Затем Феденька заговорил об умеренном либерализме, о своих подвигах на поприще постепенного преуспеяния, о том, сколько ему нужно было осторожности, осмотрительности и даже самоотвержения, чтобы дать надлежащее направление молодым всходам общественной самодеятельности и проч.

Внимая речам его, я очень мало понял, но в то же время в первый раз в жизни удивился их мудрости. Меня как-то непривычно поразили звуки человеческого голоса. Я сравнивал эти речи с зловредным жужжанием золотников и вздыхал… почти плакал. Если б у меня под руками был лавровый венок, то, клянусь, я непременно надел бы его на чело этого пустопорожнего мудреца!

Все проходит, все изменяется. Были идеи — они сменились словами; были слова — они сменились бессвязным любострастным стенанием. Теперь мы жалеем о словах, мы жалеем об этих скудно наделенных внутренным содержанием речах, в которых все-таки слышались знакомые человеческие звуки. Представители бездонного красноречия становятся в наших глазах любезными, даже великими, ибо ежели они не обладали идеями в действительном значении этого слова, то несомненно, что у них были, по крайней мере, обрывки идей. Хватаясь за эти обрывки, можно было добиться исходного пункта, можно было даже временно установить бродячую мысль оратора. Это одно уже было драгоценно, потому что давало возможность предъявлять требования, восстановлять колеблющую нить суждения, и мало-помалу, с помощью ангельского терпения приводить оратора к заключениям более или менее человеческим.

Увы! эти драгоценные обрывки мысли исчезают бесследно, исчезают в виду всех! Бессвязный гул, который доходит до наших ушей, не только не имеет ничего общего с мыслью, но даже находится в явно враждебных с ней отношениях. Единственное внутреннее содержание этого гула, единственная, если можно так выразиться, мысль его — это непримиримая злоба, это доходящая до остервенения ненависть к мысли. И тут уже нет ни суда, ни разбирательства: всякая мысль, каково бы ни было ее содержание, противна золотнику, уже по тому одному, что она мысль, а не похоть, не вожделение.

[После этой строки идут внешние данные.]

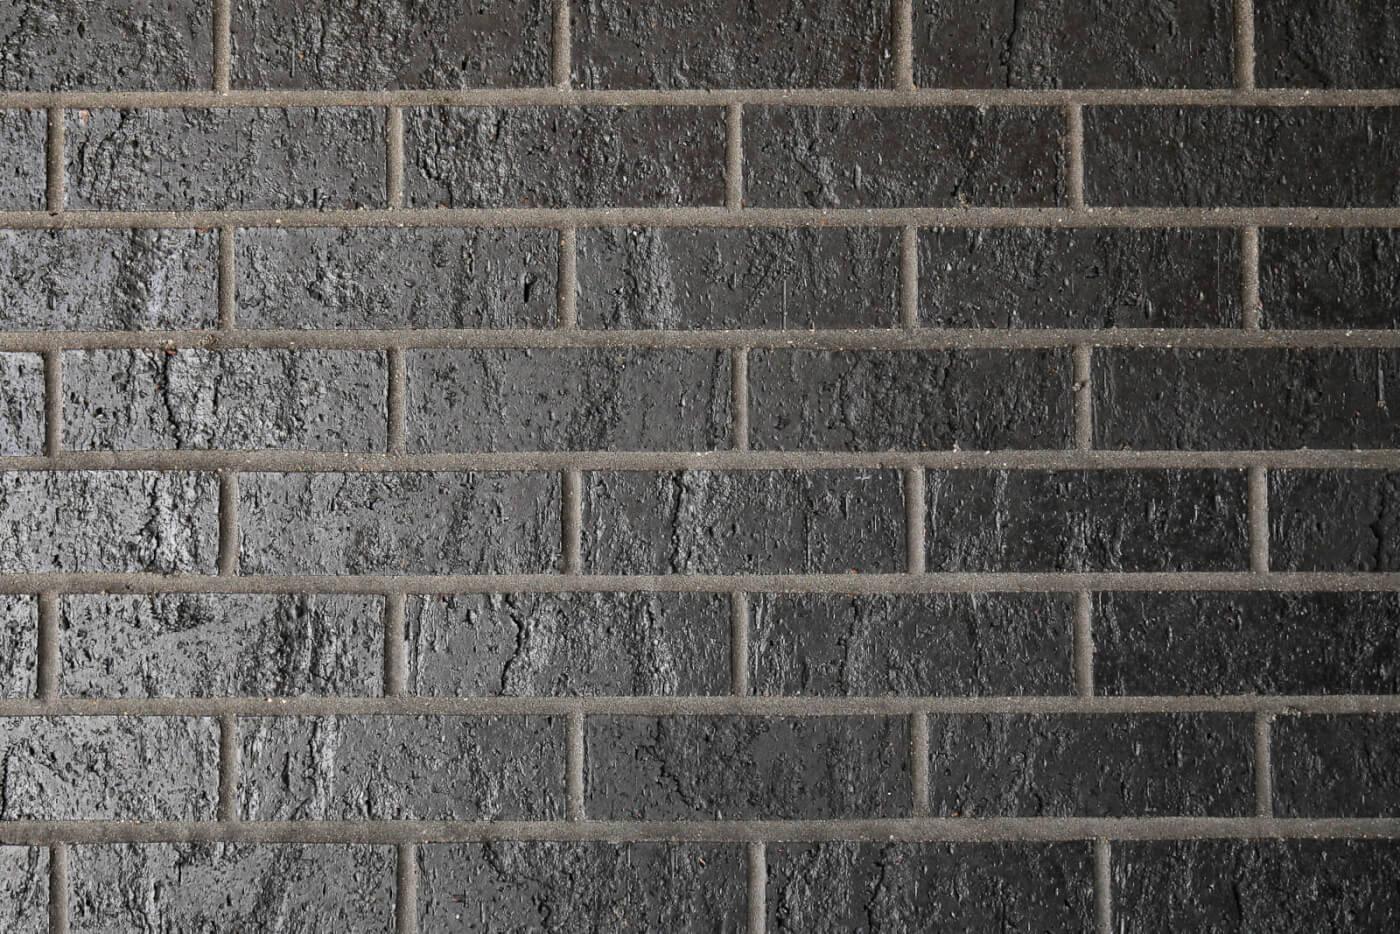 Midnight Black Brick Luxury Home Littlehampton Brick Rs 5

Убеждения самые разнообразные, самые противоречивые делаются равны перед безграничною злобою похотливой легковесности; все они подлежат [преследованию и казни] гонению, потому что они убеждения.

«Легковесный» может чувствовать голод, сгорать от любострастных желаний, может ощущать физическую боль, но мыслить не может. Он изгнал мысль из домашнего своего употребления и на этом изгнании основал свое величие. Посмотрите, как он волнуется, как он ловко по временам скользит, по временам перескакивает через препятствия, как он подставляет ножки другим, подобно ему, бесконечномалым, как он стремится, цепляется, изгибается… Не думайте, однако же, чтобы мозговое его вещество было насколько нибудь причастно этому кропотливому движению и чтобы вся эта суета выражала что-нибудь, кроме самого простого физического упражнения; взгляните вперед, и вы убедитесь, что где-нибудь вдали мотается кусок мяса, по поводу которого целым пожаром вспыхнуло вожделение в этом легковесном ничтожестве и к которому вдруг устремились все инстинкты его бесконечно- малого существа. Не подходите к нему в это время: он жирует, а потому зол и может укусить.

Я встретился недавно с одним товарищем по школе. Ребенком он был так себе; не слишком фискалил, подсказывал довольно удовлетворительно и даже охотно курил в печку, хотя никогда не попадался. Я давно потерял его из вида и вдруг узрел во всеоружии. Оказалось, что он имеет прочное общественное положение, что он испытал в жизни et ceci et cela,[17] что камелии от него без ума и что, наконец, в будущем его ожидает блестящая перспектива.

— Какие же твои цели? — спросил я его.

— А ближайшая моя цель — съесть вот этот кусок ростбифа (дело было в ресторане), — сказал он мне и от предположения тотчас же перешел к исполнению.

— А потом?

Он несколько изумился моему любопытству, однако ж отвечал:

— А потом — выпить стакан хорошего лафита!

— Да… но не вся же жизнь тут. Вероятно, есть цели, есть убеждения…

В этот раз он взглянул на меня уже не с изумлением, а с строгостью.

— Убеждения, любезный друг, — сказал он мне, — могут иметь люди беспокойные или недовольные. Мы люди покойные и довольные; мы не страдаем так называемыми убеждениями; мы стремимся и достигаем.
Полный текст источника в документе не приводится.